Também a mãe, tocada por aquele momento de interação, tão corriqueiro
quanto o verdadeiro amor familiar, manda a filha à casa da avó buscar polvilho
para fritar uns biscoitos, através dos quais ela manifestará a ternura da qual,
assim como o pai, está tomada e que permeia toda a família. Ou seja, aqueles
momentos serão tão singelos, após um jantar com sua simplicidade –angu,
mostarda e a comida apimentada –converte-se em uma autêntica comunhão
que se manifesta na ternura do pai e da mãe e que fica gravada de forma
indelével na memória do eu-lírico, conforme demonstram os últimos versos do
poema: “... a menina embaraçada/ com a opressão da alegria, o coração
doendo, / como se fosse triste" (p. 136).

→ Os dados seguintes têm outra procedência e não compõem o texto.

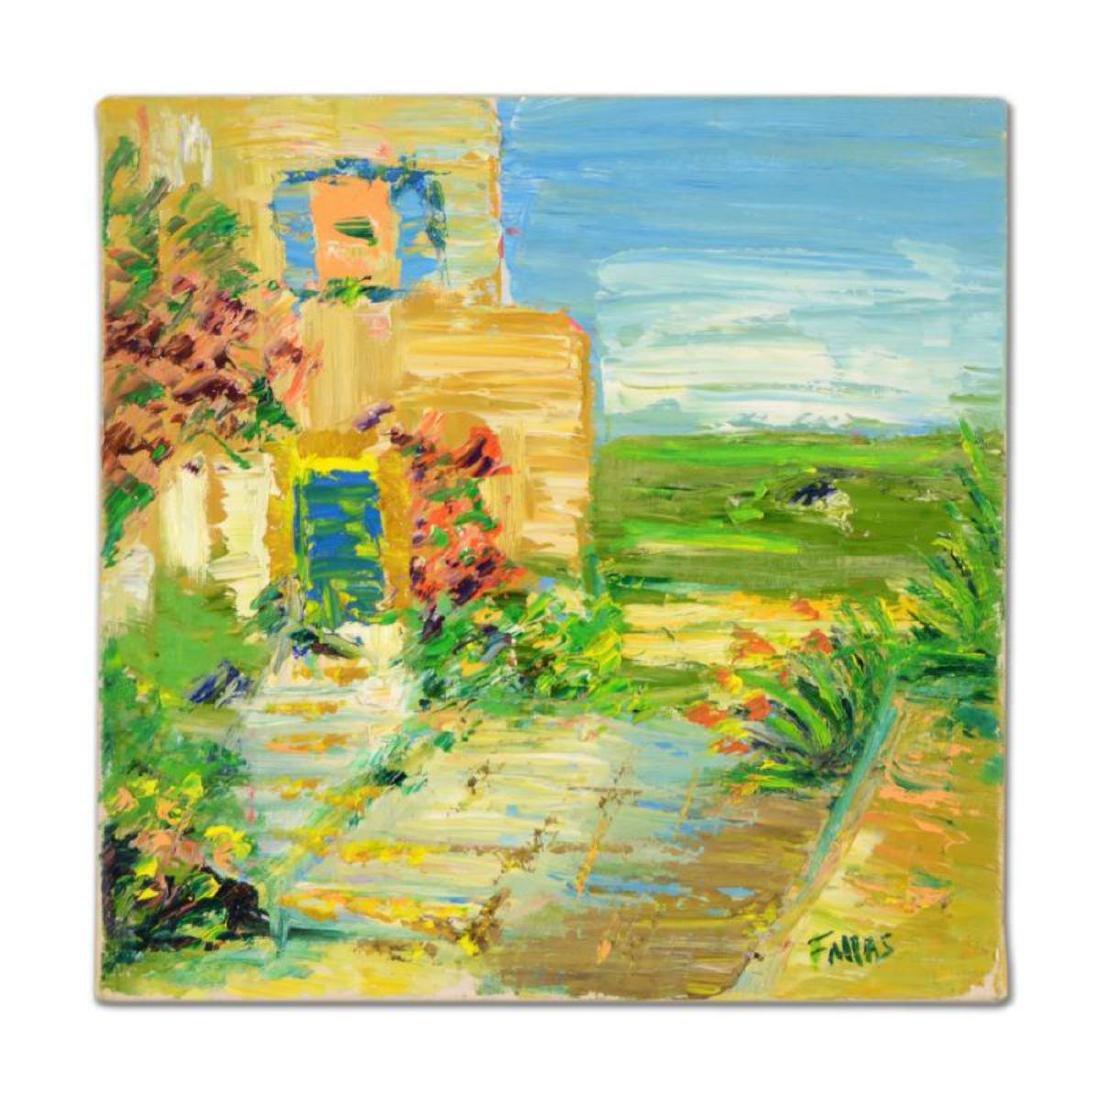 "Elliot Fallas - ""Summer Moments"" Original Oil Painting"

Em “Figurativa”, as relações estão sendo vividas sob um novo prisma, ainda
respeitoso, porém há o ar da liberdade e da afetividade demonstrada sem
medo.
Há que se destacar que o poema de Drummond remete à agonia da família
patriarcal, ainda muito presa aos valores do passado, mas já combalida pelos
novos valores urbanos que já se abeiram das casas patriarcais. Esses novos
valores, à revelia do patriarca, ao longo do final do século XIX e primeiras
décadas do século XX, mudarão em definitivo as relações entre pais, filhos e a
sociedade em geral e, nessa nova ordem, a figura do patriarca, com seu poder
efetivo, declinará categoricamente. No poema de Adélia Prado, a família é
pobre, mas há, ainda, uma relação muito respeitosa dos filhos e as
manifestações de amor são veladas, entretanto, a ternura está de tal forma
mesclada às ações mais cotidianas que chega a ser dolorido para a menina a
constatação de tamanha consciência do amor.